Lopez ne l’a pas grondée. Ne l’a pas chassée. Ce fut un moment qui a façonné Whaley, qui a toujours cette carte de score signé du Corning Classic.

Une chirurgie du genou a empêché Lopez de participer à ce championnat. Elle aura son genou gauche guéri le 1er novembre et lui donnera 50% de chance d’être sur le terrain à Pine Needles en 2019. La présence de Lopez sur le premier tee en tant que départ honorifique, dans une clinique pour enfants sur le Samedi et le sur 18e fairway dimanche, a ajouté une autre couche de magie à un week-end qui incluait des membres du Panthéon tels qu’Amy Alcott, Hollis Stacy, Betsy King et Pat Bradley.

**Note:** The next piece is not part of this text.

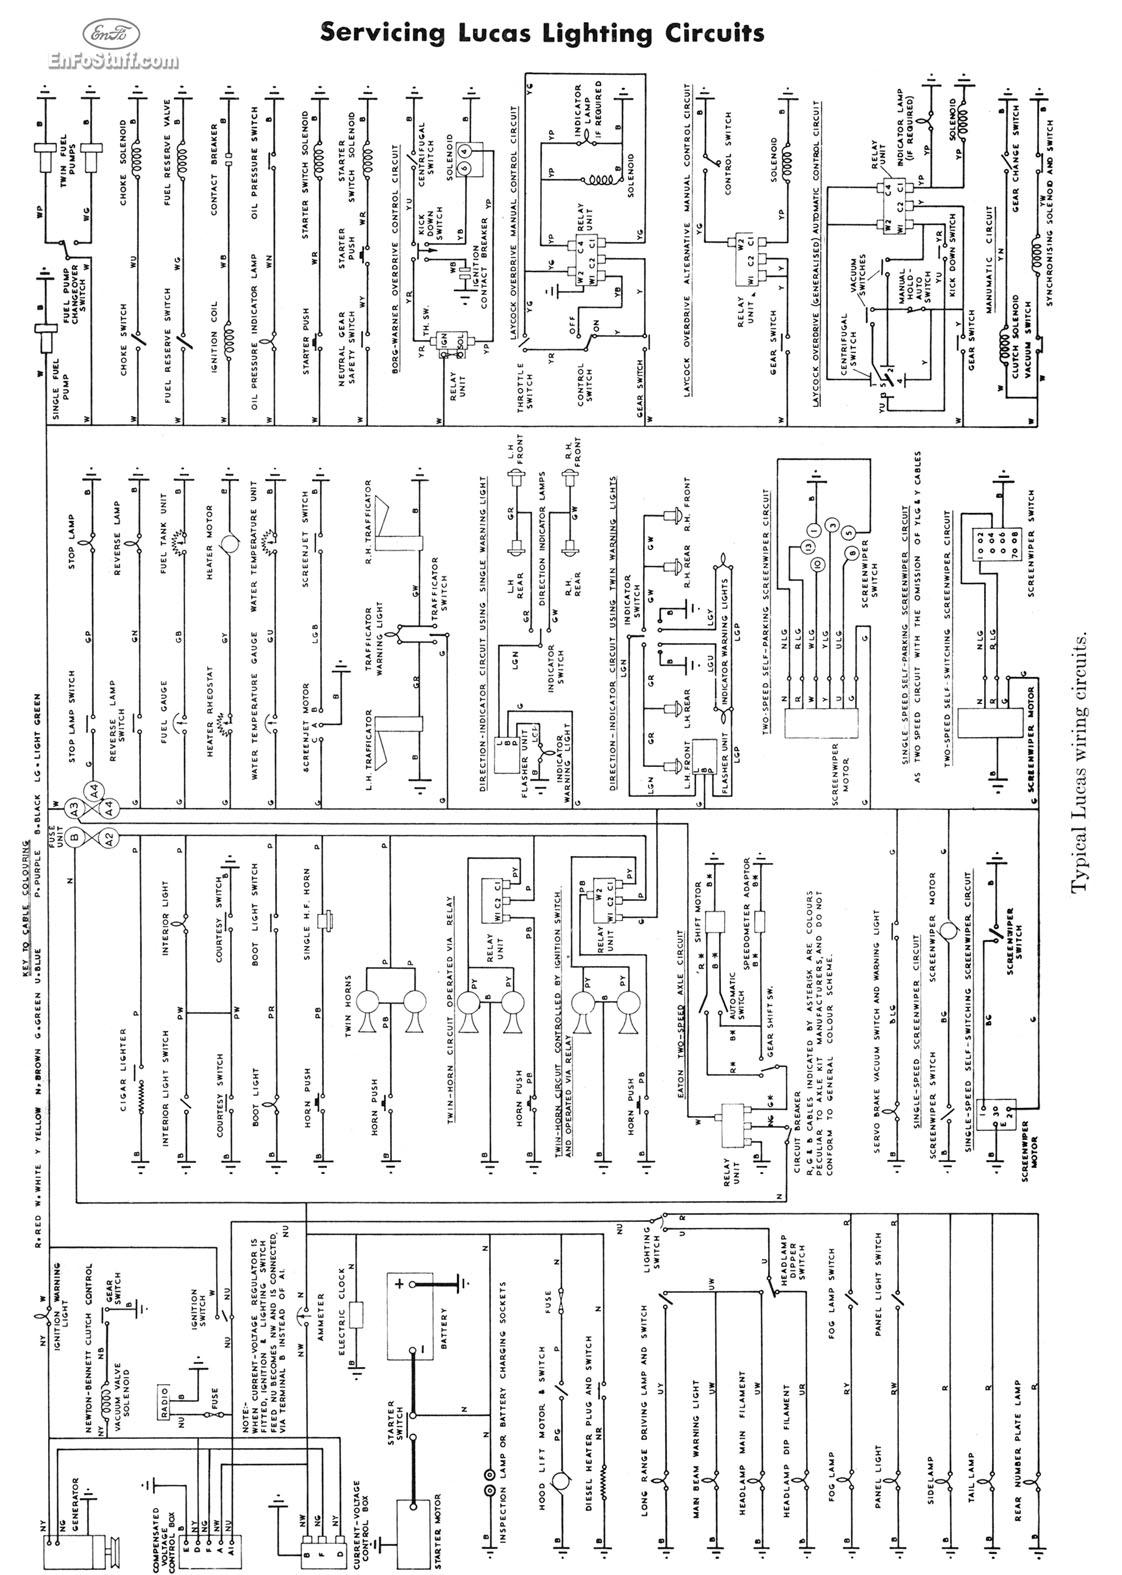 1985 Chevrolet Suburban Wiring Diagram Schematic 2019 Land Rover Defender Indicator

Sandra Palmer, 77 ans, a frappé deux balles dans l’eau au 10e trou par-3 vendredi, son trou d’ouverture. Personne autour du tee de départ ne pouvait respirer jusqu’à ce que son troisième tir frappe la terre.

Palmer, 19 fois championne de la LPGA, est restée là-bas pendant le week-end avec beaucoup de ses pairs pour voir ce championnat historique jusqu’à la fin. Elle était penaude à propos de sa carte de score, mais elle sourit et dit: « J’ai fait un swing pour chaque ami qui m’a envoyé un texto. Je suis tellement reconnaissante. »

Pour tous ceux qui ont eu le privilège d’être sur place, c’était un majeur pour la postérité. Un retour qui nous a rappelé tout ce qui manque aujourd’hui au jeu.